Segment Start: Recorded information
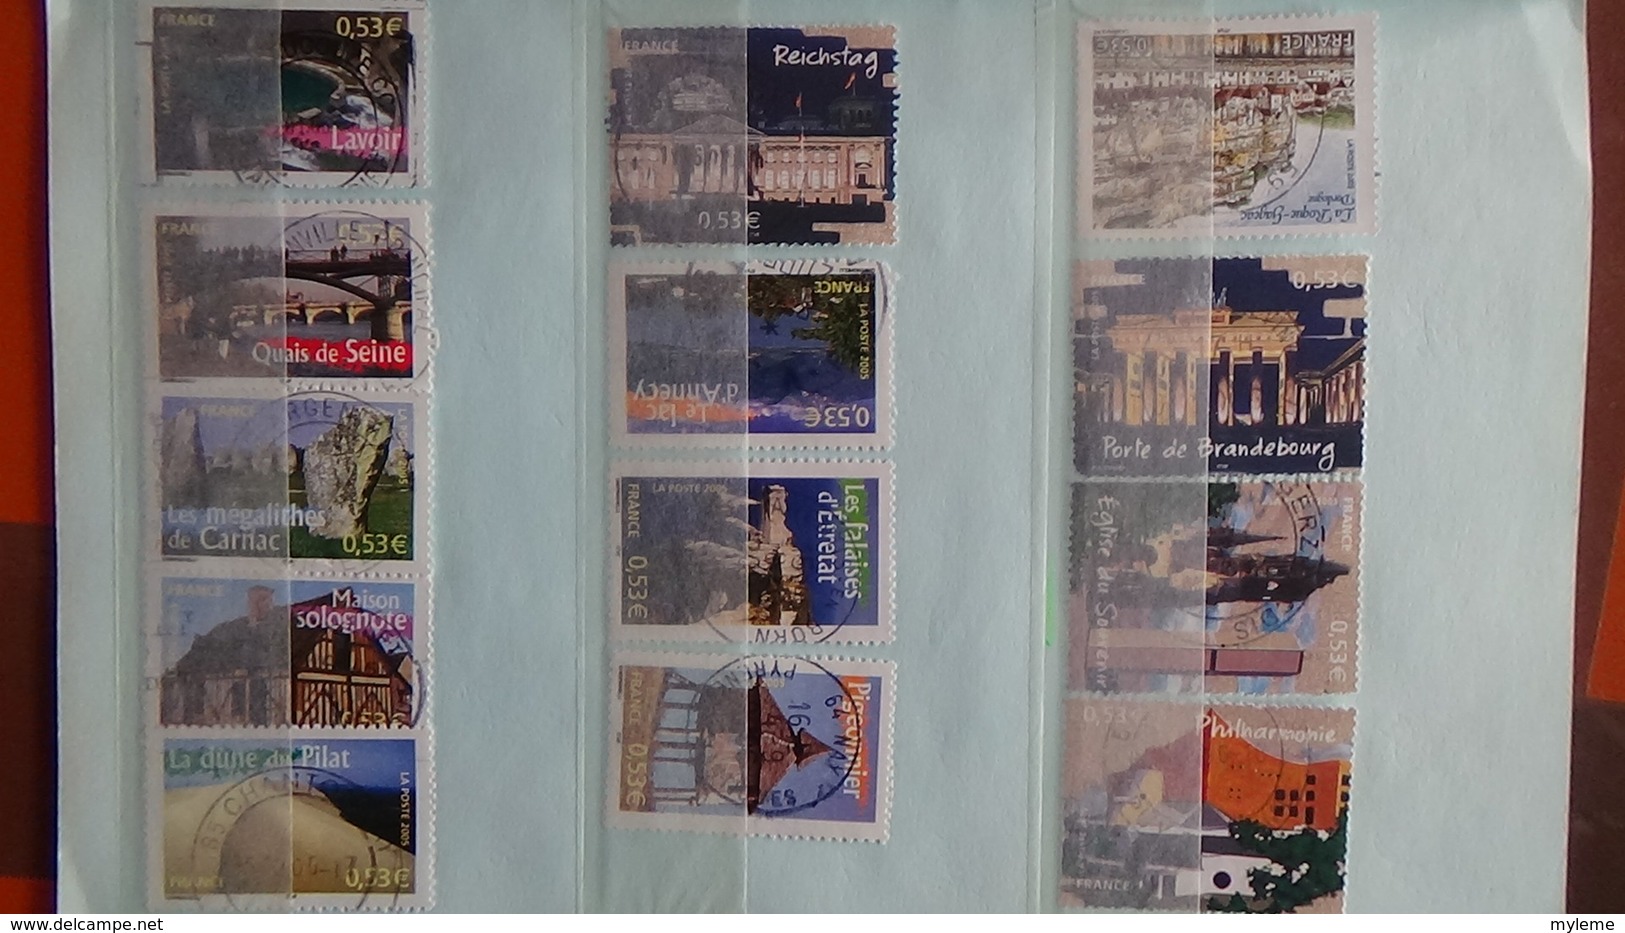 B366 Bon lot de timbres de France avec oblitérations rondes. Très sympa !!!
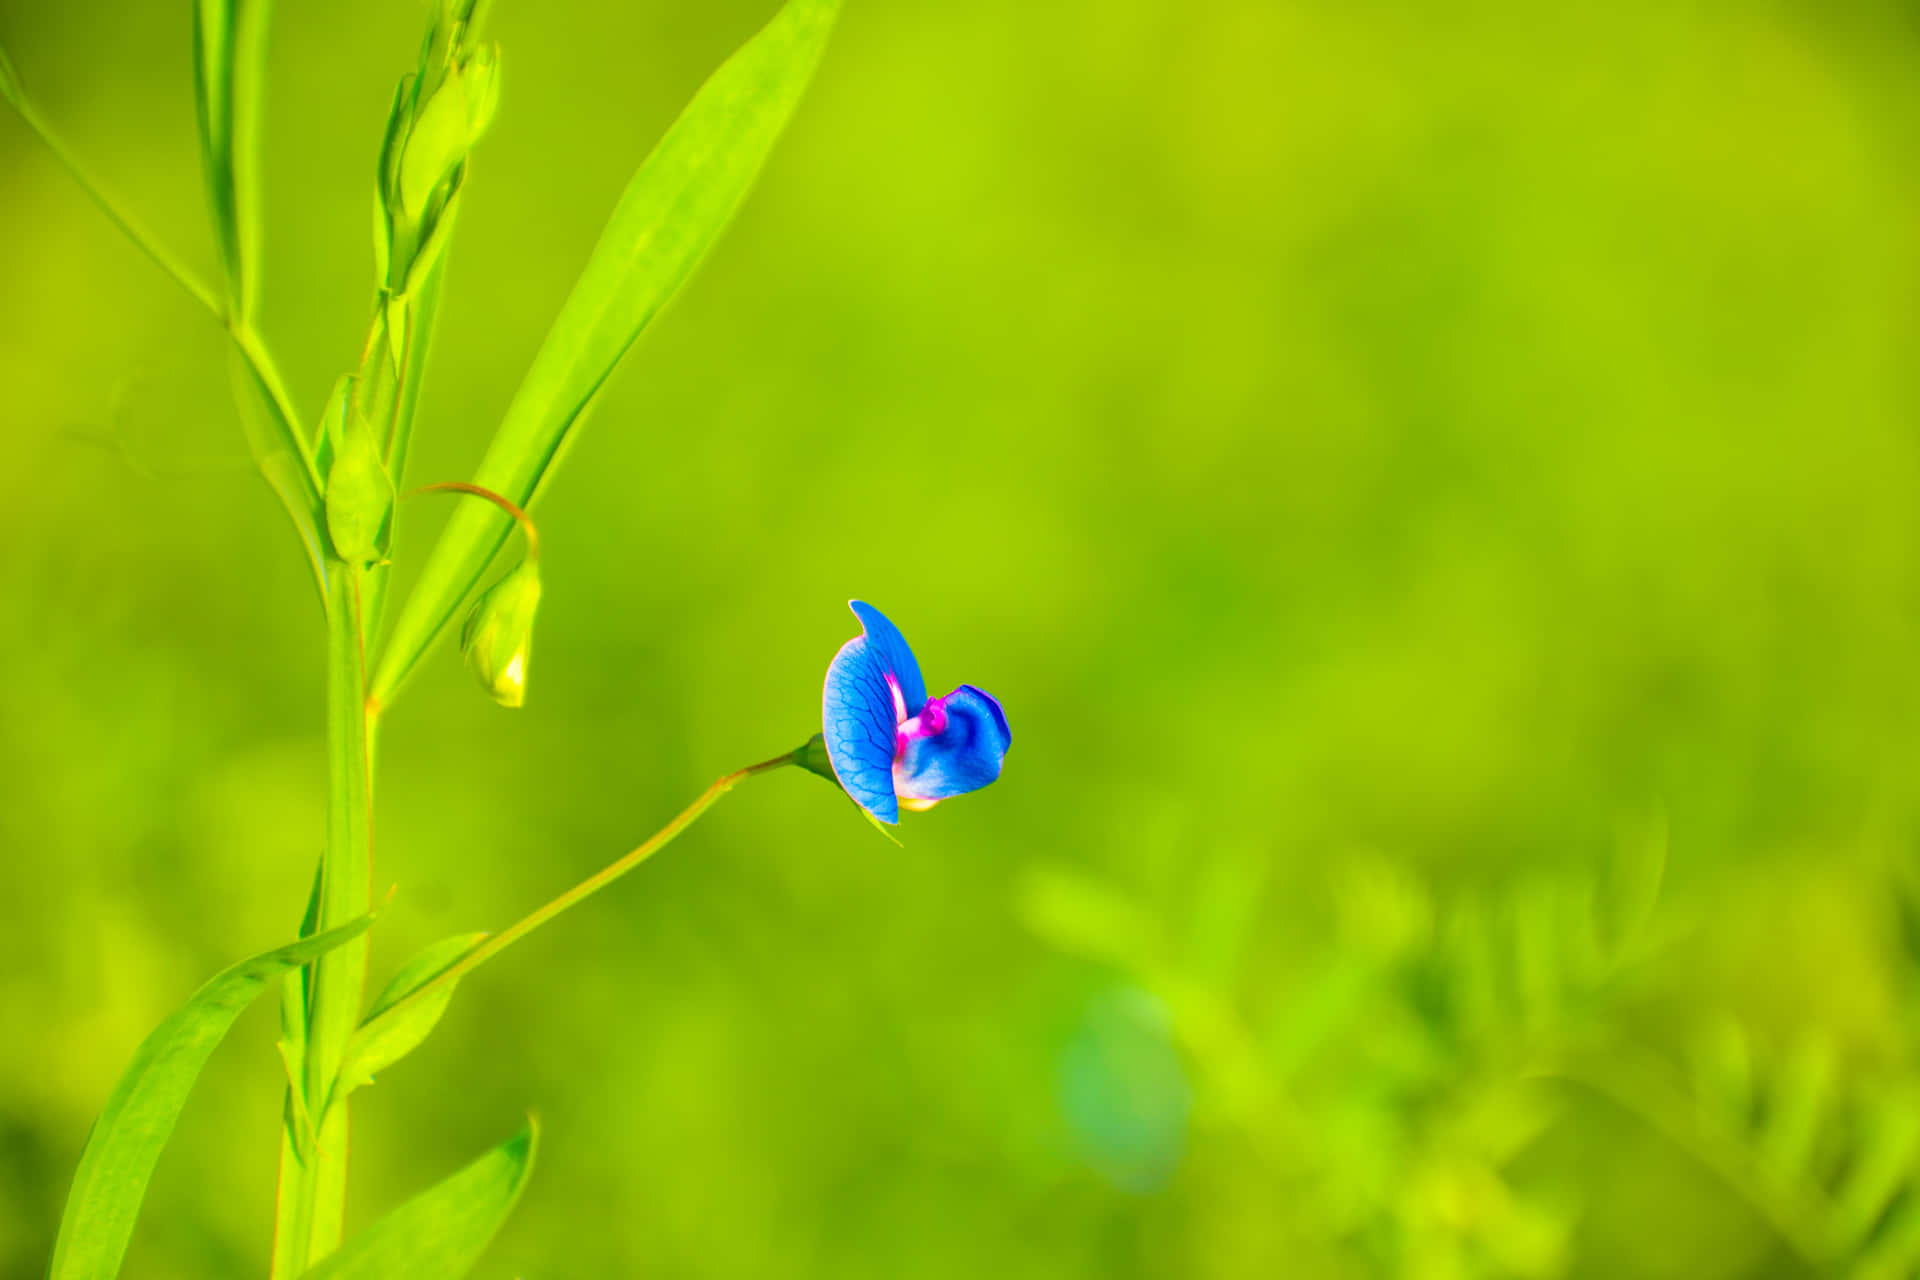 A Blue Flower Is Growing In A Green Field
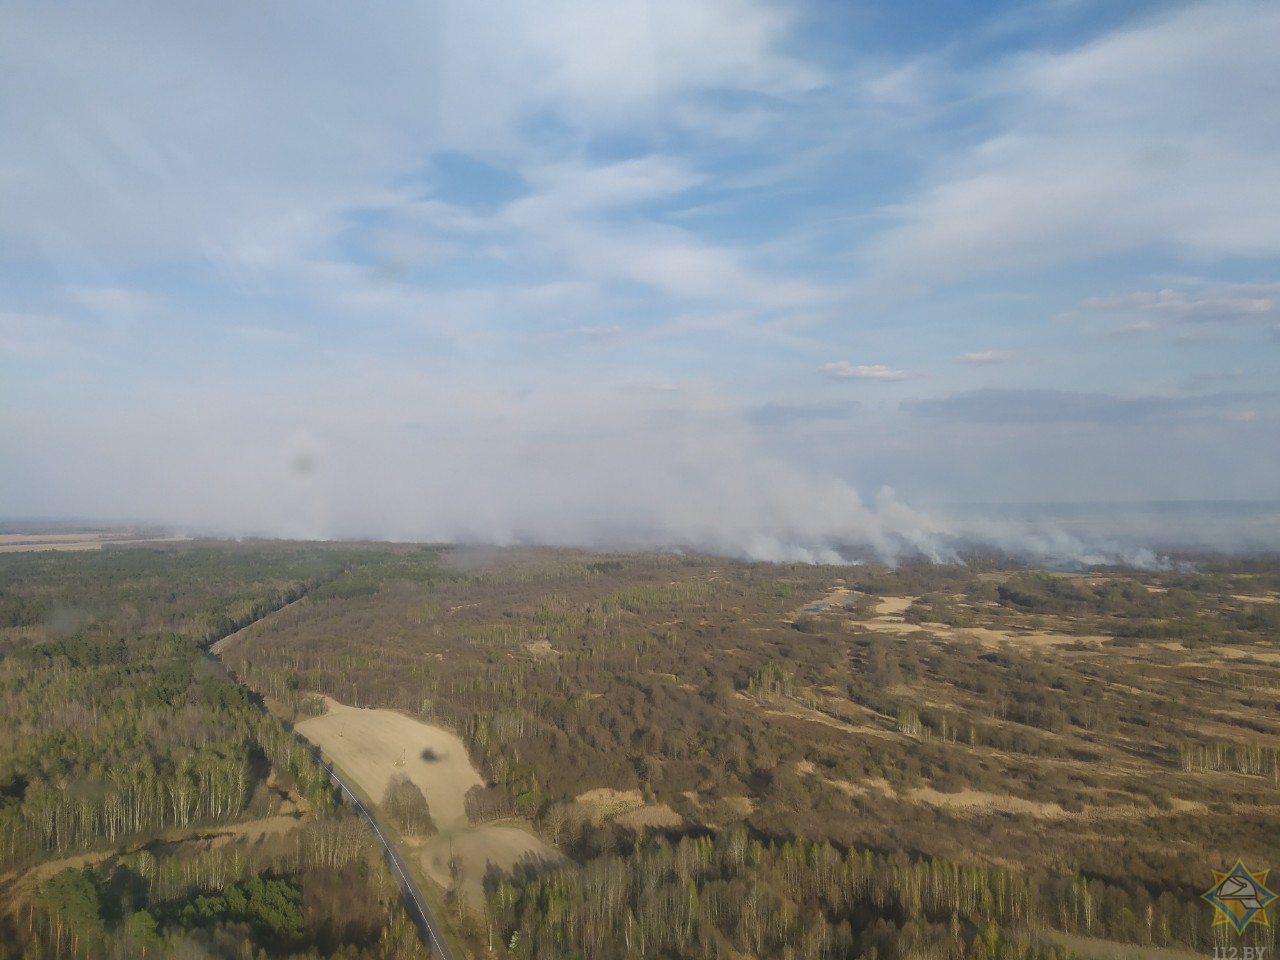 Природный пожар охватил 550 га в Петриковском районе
Segment End: Recorded information
Work request:
Please print the data above once more, exactly as it appears, with no pictures.

Written response:
 B366 Bon lot de timbres de France avec oblitérations rondes. Très sympa !!!
 A Blue Flower Is Growing In A Green Field
 Природный пожар охватил 550 га в Петриковском районе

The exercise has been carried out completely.